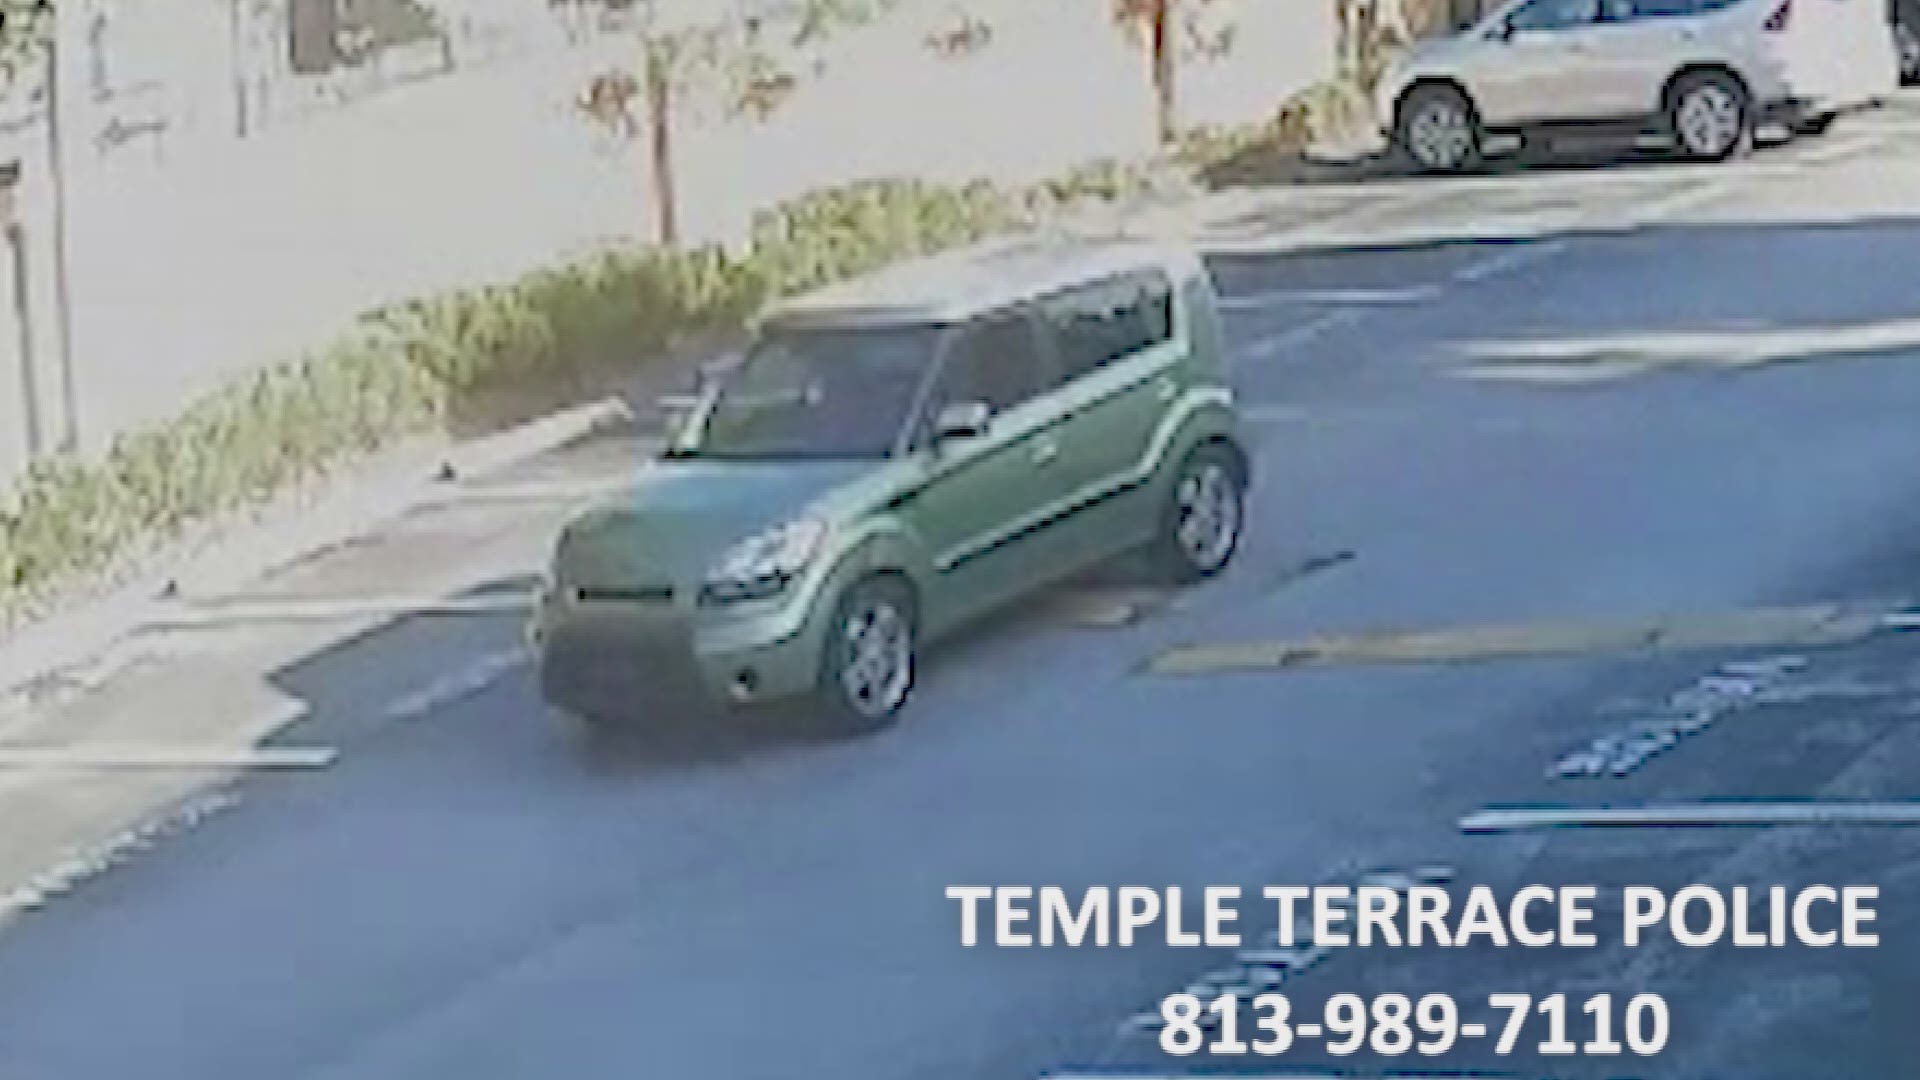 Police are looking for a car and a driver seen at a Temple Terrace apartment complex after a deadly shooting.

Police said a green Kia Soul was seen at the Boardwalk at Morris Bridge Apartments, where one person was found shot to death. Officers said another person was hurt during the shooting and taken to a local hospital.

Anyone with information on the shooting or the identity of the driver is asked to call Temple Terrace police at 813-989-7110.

ACTIVITY:
Would you write out the data exactly, with no pictures in the copy?

ANSWER SPACE:
 Police are looking for a car and a driver seen at a Temple Terrace apartment complex after a deadly shooting.

Police said a green Kia Soul was seen at the Boardwalk at Morris Bridge Apartments, where one person was found shot to death. Officers said another person was hurt during the shooting and taken to a local hospital.

Anyone with information on the shooting or the identity of the driver is asked to call Temple Terrace police at 813-989-7110.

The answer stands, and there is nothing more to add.